**Exercise**
Copy out the data exactly, leaving the pictures behind.

**Recorded data**
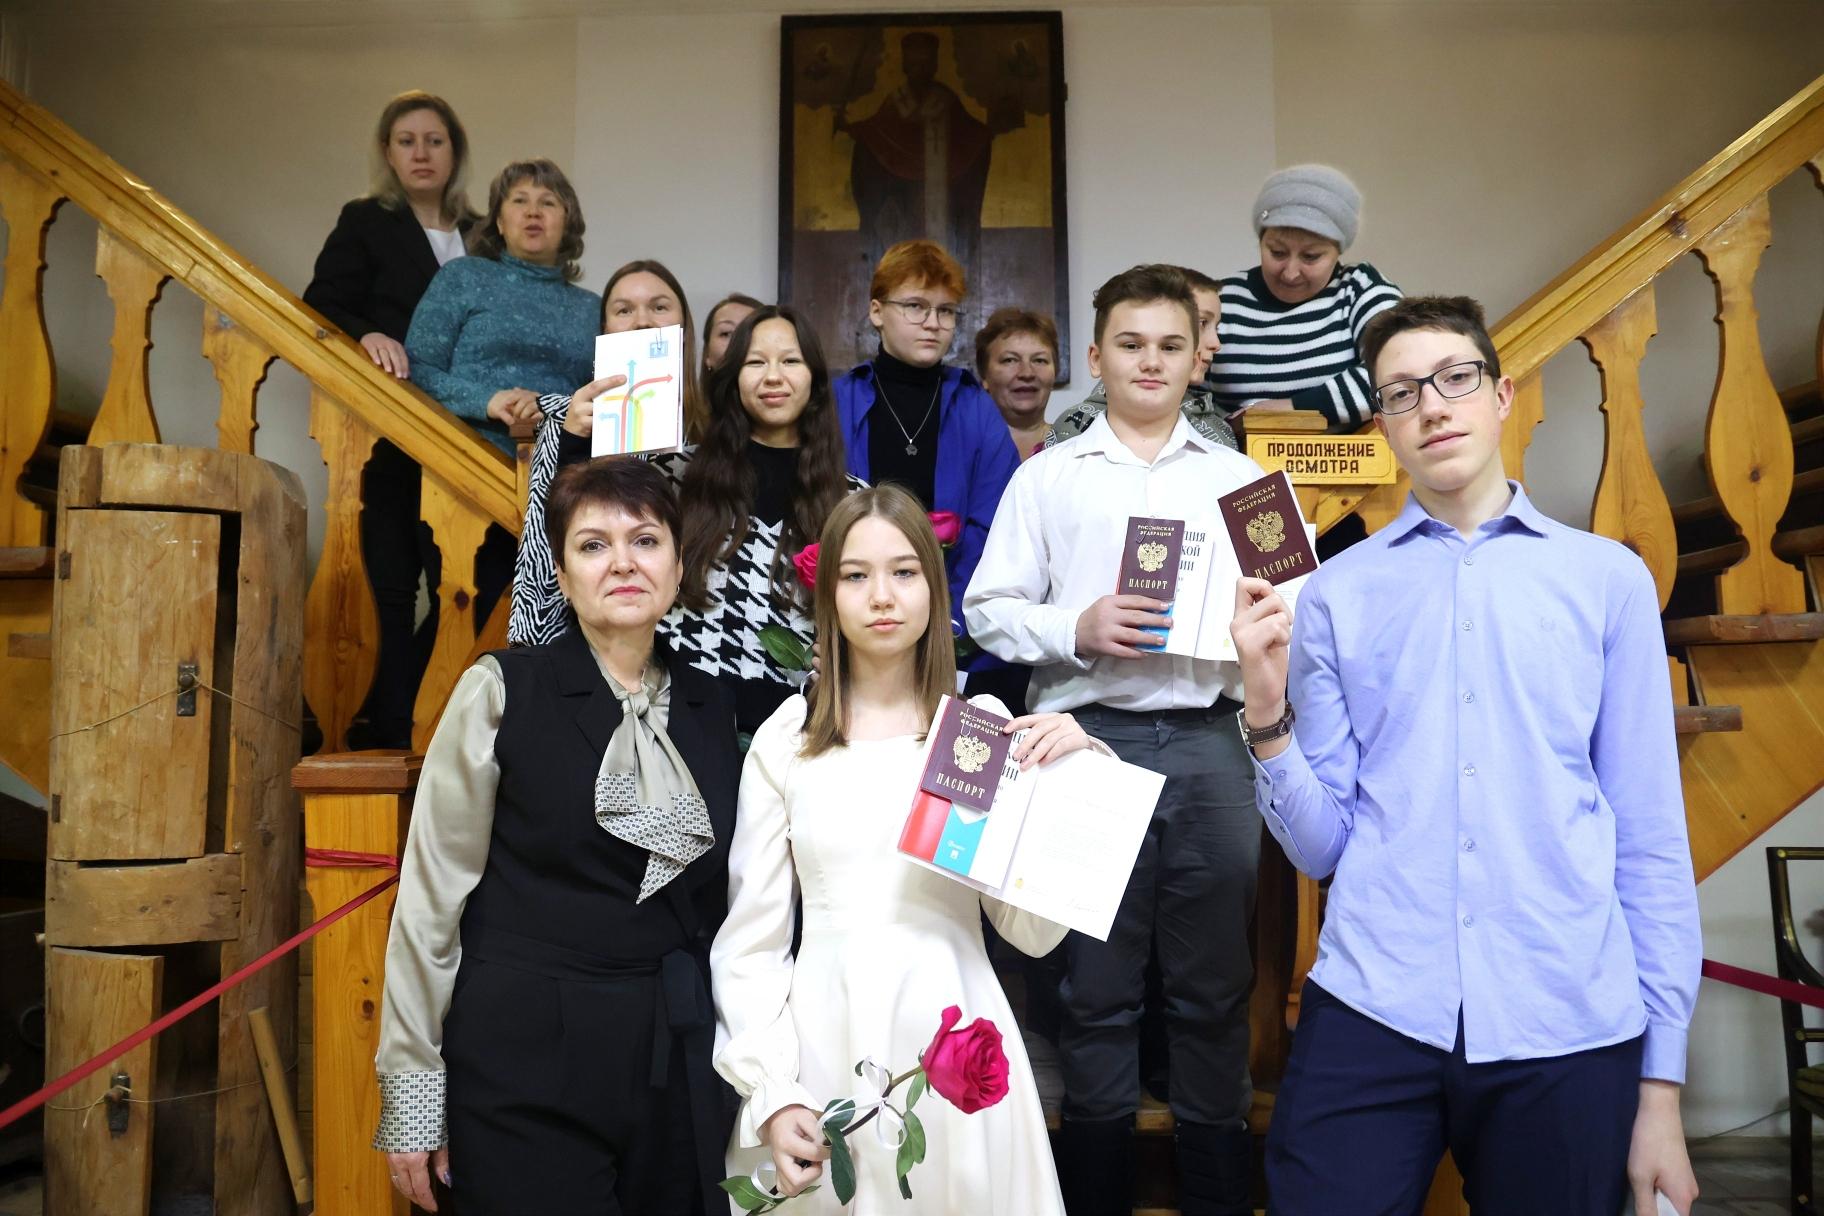 Шаг во взрослую жизнь: юные жители Волоколамска в торжественной обстановке получили свой первый паспорт
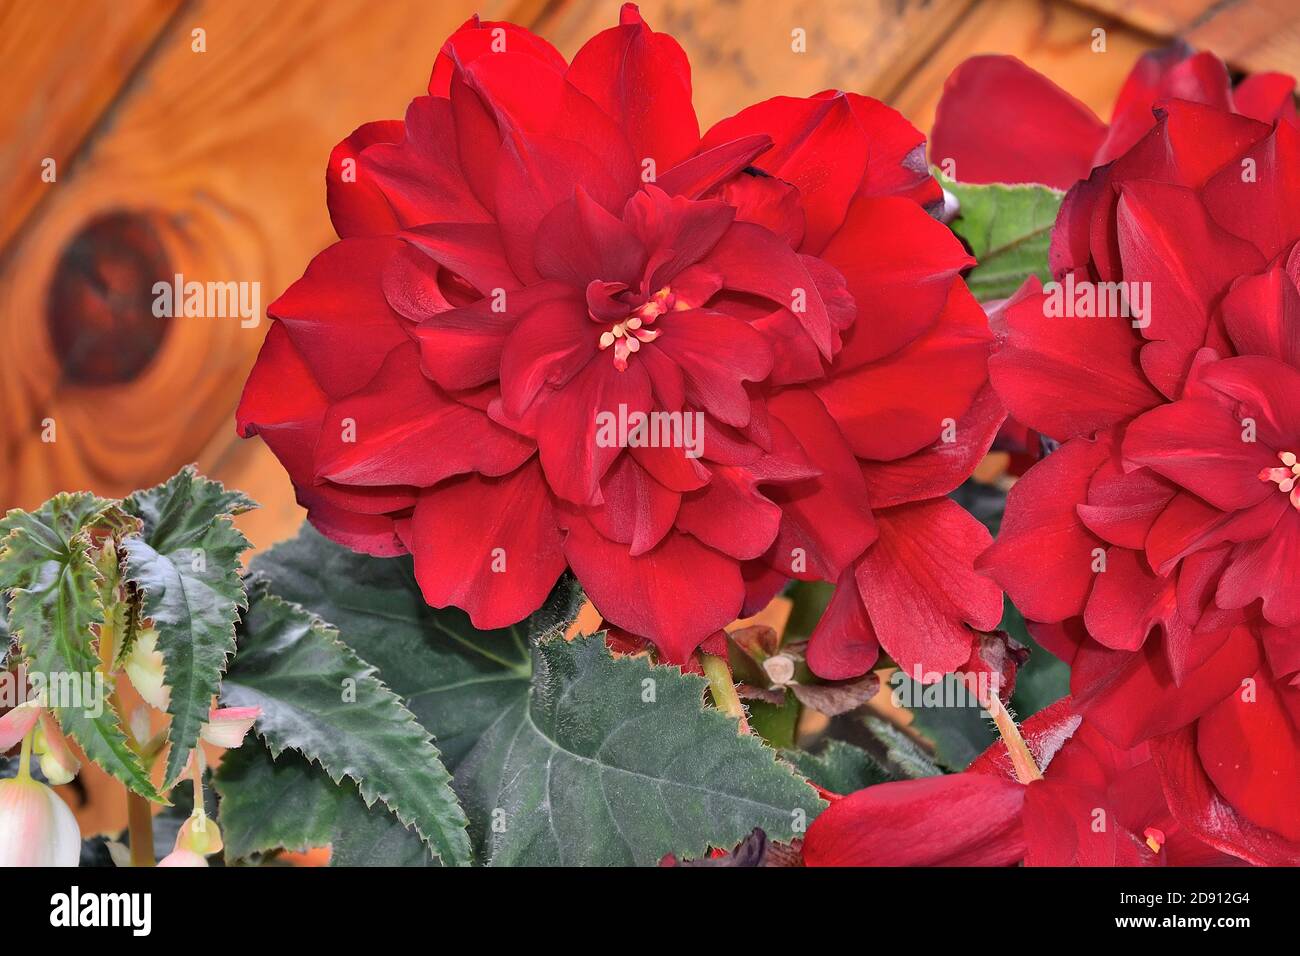 Leuchtend rote Blüten von Begonia tuberous oder (Begonia tuberhybrida) - dekorative großblütige Pflanze aus der Nähe auf verschwommenem Hintergrund. Kann sowohl a angebaut werden Stockfoto
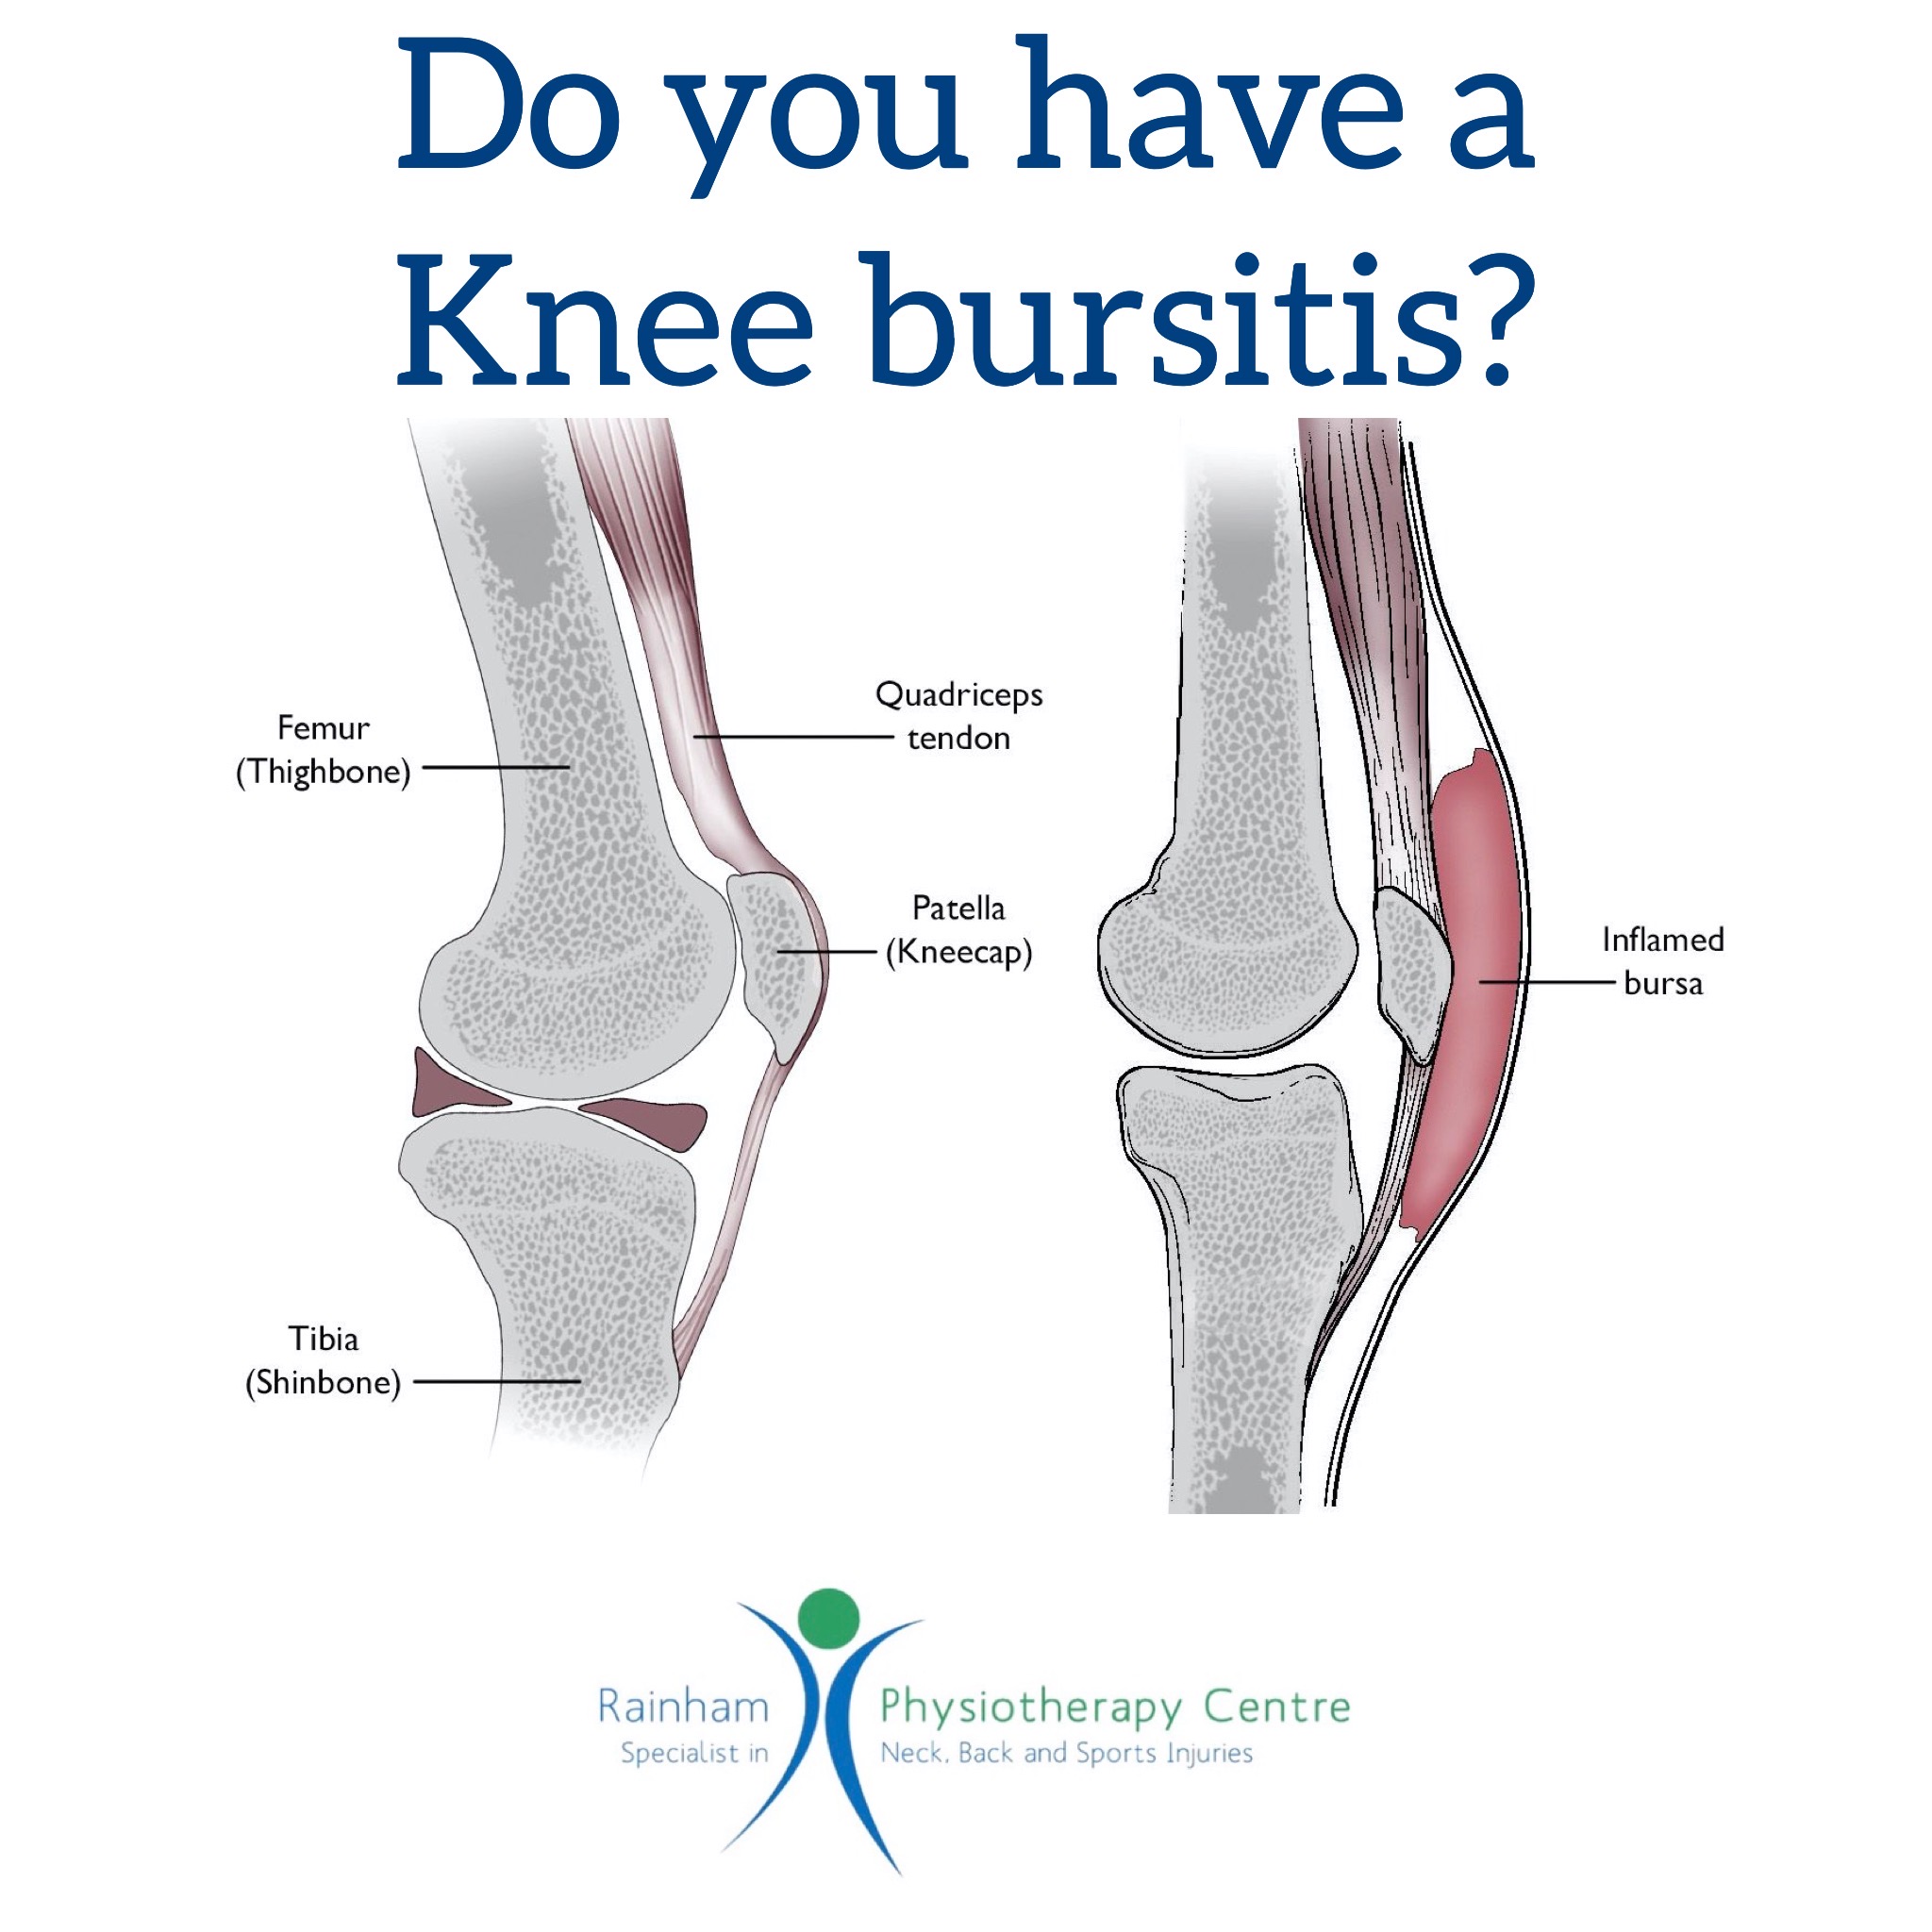 Do you have a knee bursitis?
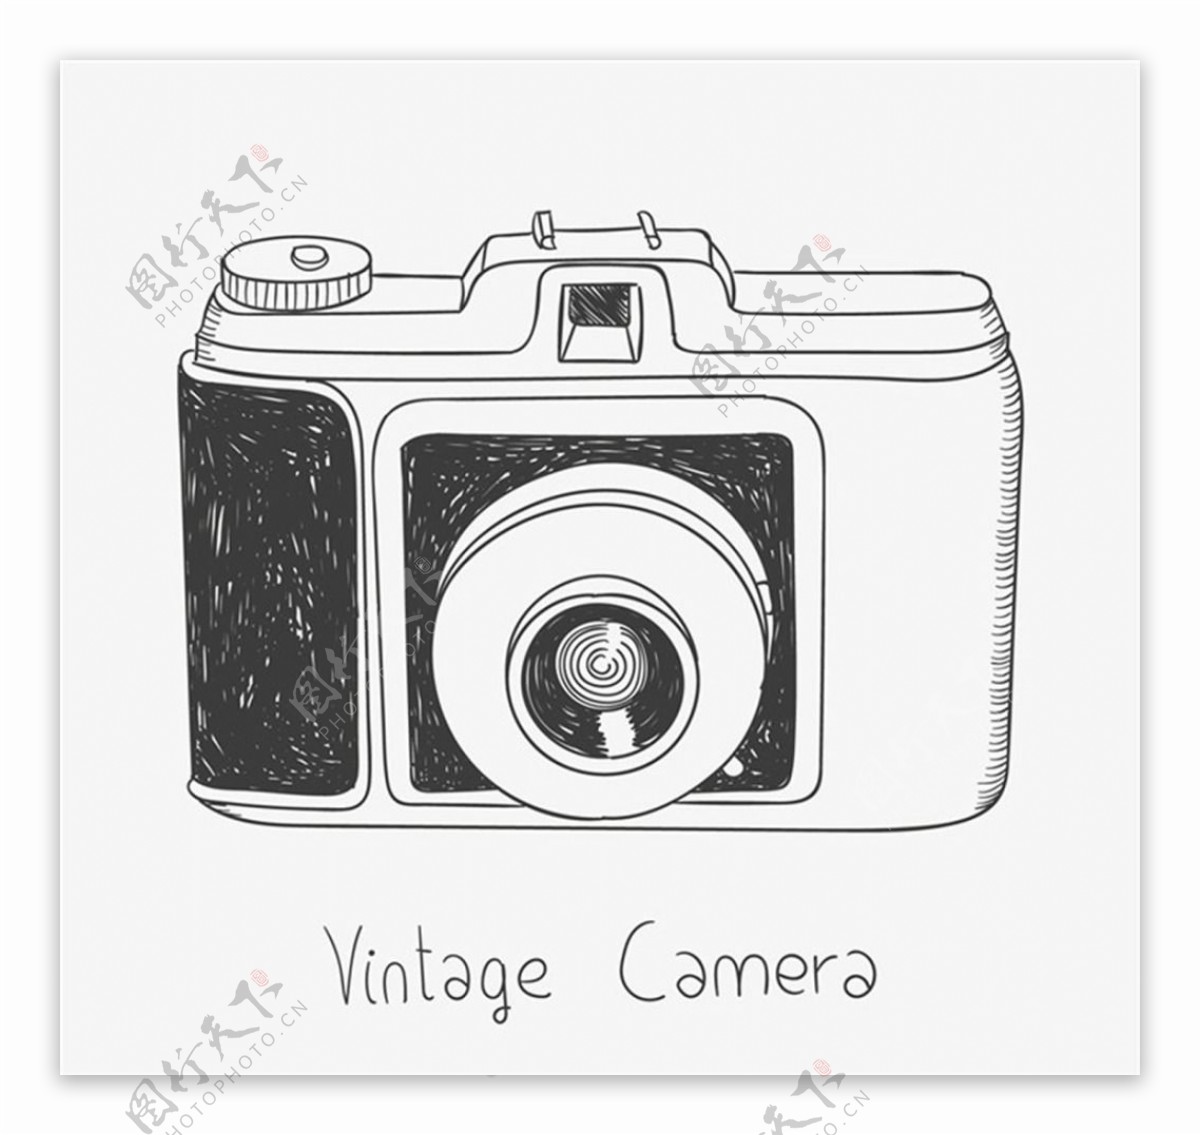 黑白手绘vintage相机

**Reply to the task**
 Шаг во взрослую жизнь: юные жители Волоколамска в торжественной обстановке получили свой первый паспорт
 Leuchtend rote Blüten von Begonia tuberous oder (Begonia tuberhybrida) - dekorative großblütige Pflanze aus der Nähe auf verschwommenem Hintergrund. Kann sowohl a angebaut werden Stockfoto
 Do you have a knee bursitis?
 黑白手绘vintage相机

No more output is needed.